In case you missed this one, a Brit named Edward Douglas (David Thewlis) is stranded out in sea after a plane crash. He’s rescued by a vet named Montgomery, (Val Kilmer) who takes him to a beautiful island ran by a mysterious Dr. Moreau  (Marlon Brando) and his merry band of man-beasts. Douglas quickly learns that Moreau and company are playing God out here, conducting experiments at will and pushing the boundaries of science to dangerous levels. 

It’s been nearly two decades since I last watched it, and I have to admit John Frankenheimer’s THE ISLAND OF DR. MOREAU is a hell of a lot more entertaining than I remembered. Somehow, the fact it is a Frankenheimer production is intriguing (he directed tons of movies from RONIN to THE MANCHURIAN CANDIDATE). He didn’t always make good movies, but he never made anything this freakin’ strange as the movie plays like a demented Terry Gilliam flick. Frankenheimer came onto the movie after the original director Richard Stanley was fired a few days into production, but still he was in control of what ended up on screen. That seemingly lack of control is what makes the movie legendary, because it all ends up so f*ckin’ odd.

Now since I just revisited the 1977 version where Burt Lancaster played Dr. Moreau as a very subtle mad scientist, Brando…well, went for the opposite approach with perhaps the most peculiar performance of his career.  Skin painted Joker white, draped in white and sporting some shades, it’s just something else entirely. Supposedly, Brando insisted on having the world’s smallest man as his sidekick, which adds to the weirdness and makes THE ISLAND OF DR. MOREAU so bizarrely entertaining that it’s just short of fantastic. Take the scene where Brando and his small son (dressed in white same like Mini Me) play piano together or when he decides to sport an ice bucket on his head. Brando (who had just lost his daughter) is out there, man, channeling something no one has seen before.

At the same time, one of the best things about THE ISLAND OF DR. MOREAU comes from watching Val Kilmer when the man still looked like a stud and remained a legit star. Today…not so much, but holy shit, DR. MOREAU comes only one year after he was freakin’ Batman! As Montgomery (Moreau’s right hand man), he’s wacky good with a performance that seemingly belongs in a TOP SECRET sequel. It’s a shame Kilmer didn’t star as Douglas as he had the personality, the charm, and the chops to really be the star of the film (reportedly the role was his, but with a divorce and weirdness of the movie, Kilmer wanted a smaller role). Thewlis is a fine actor, but he just exists. Kilmer could’ve added much more. Sadly, this was the beginning of the end of his star power. Thewlis actually seems like the outsider on this perfect island as he, along with Fairuza Balk (Moreau’s daughter), are the only people playing their roles straight, injecting a bit of sanity to keep it from going completely over the rails.
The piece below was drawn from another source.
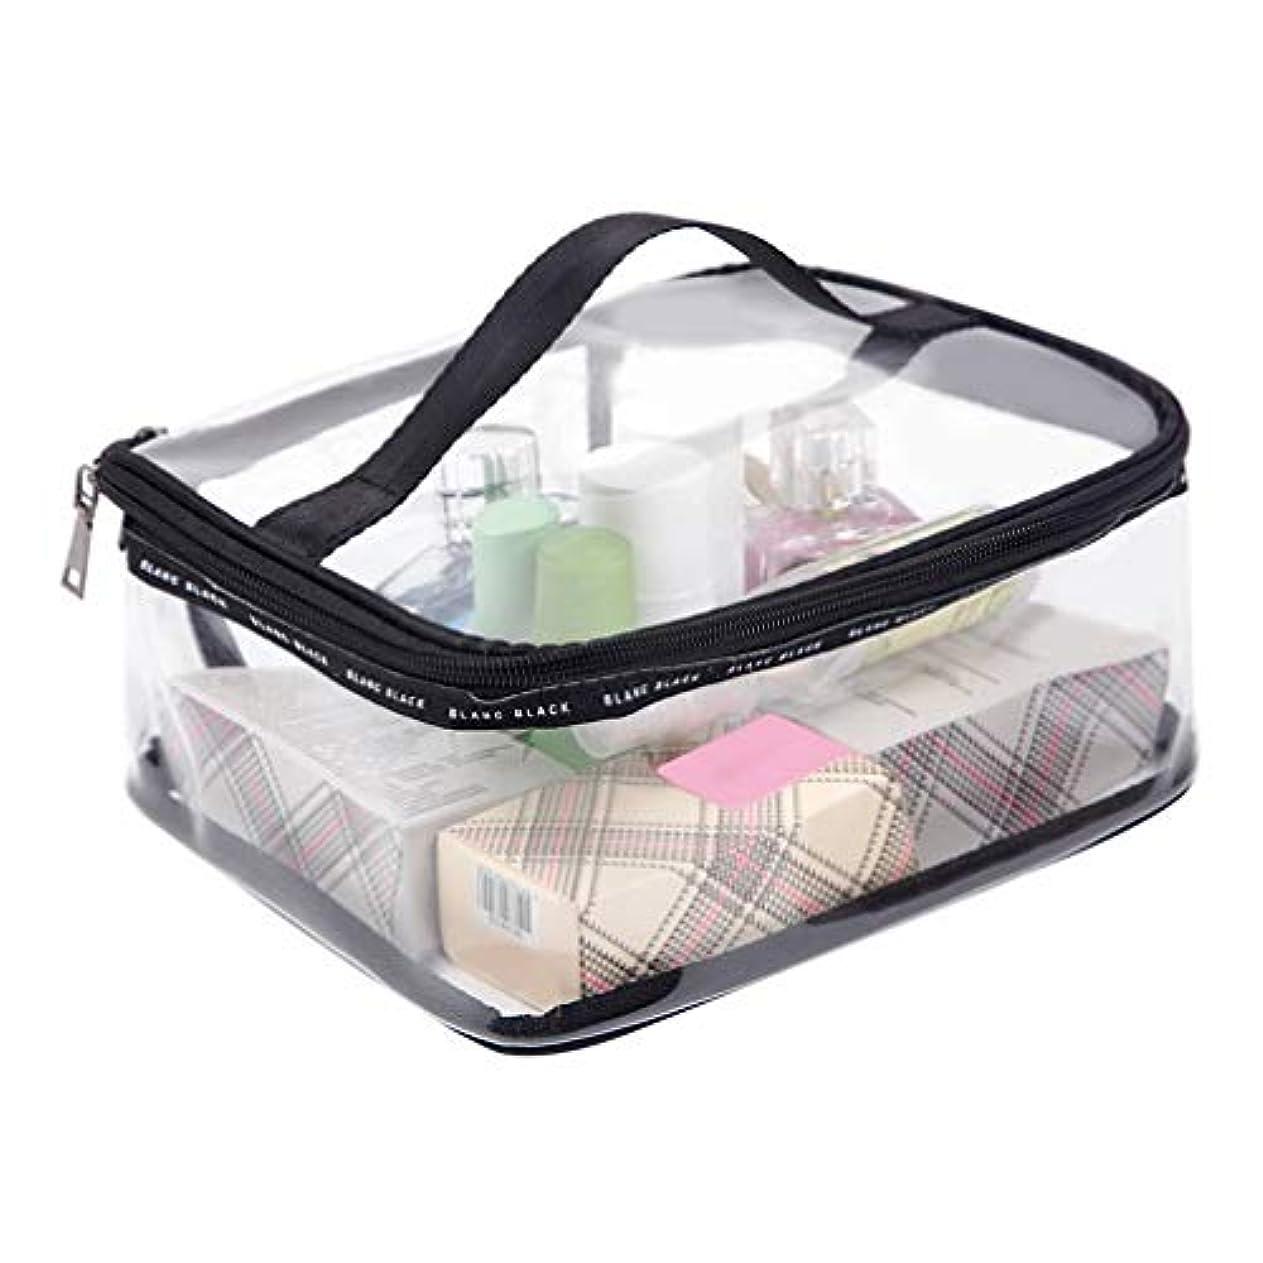 日帰り旅行に今カプセル旅行ストレージウォッシュバッグ防水ポリ塩化ビニールコスメティックバッグ透明ウォッシュバッグ男性と女性ポータブル仕上げパッケージ

I actually thought the man versus animal angle was much stronger in this version because their makeup is what actually elevates the movie as done by Stan Winston. If the creatures had not looked good and perfectly creepy (they don’t look like PLANET OF THE APES characters), then this would have suffered greatly. But I think it works. It’s a crazy movie and Kilmer (especially his Brando in white impersonations and his final line: “I want to go to dog heaven”) seems like he’s actually trying to hold onto his sanity.  

THE ISLAND OF DR. MOREAU isn’t a good movie. The acting is all over the place, the tone is bi-polar, and the story confusing, but it’s one of the most fascinatingly entertaining movies ever made, one so good that it starred a legend in perhaps his most nutty performance ever.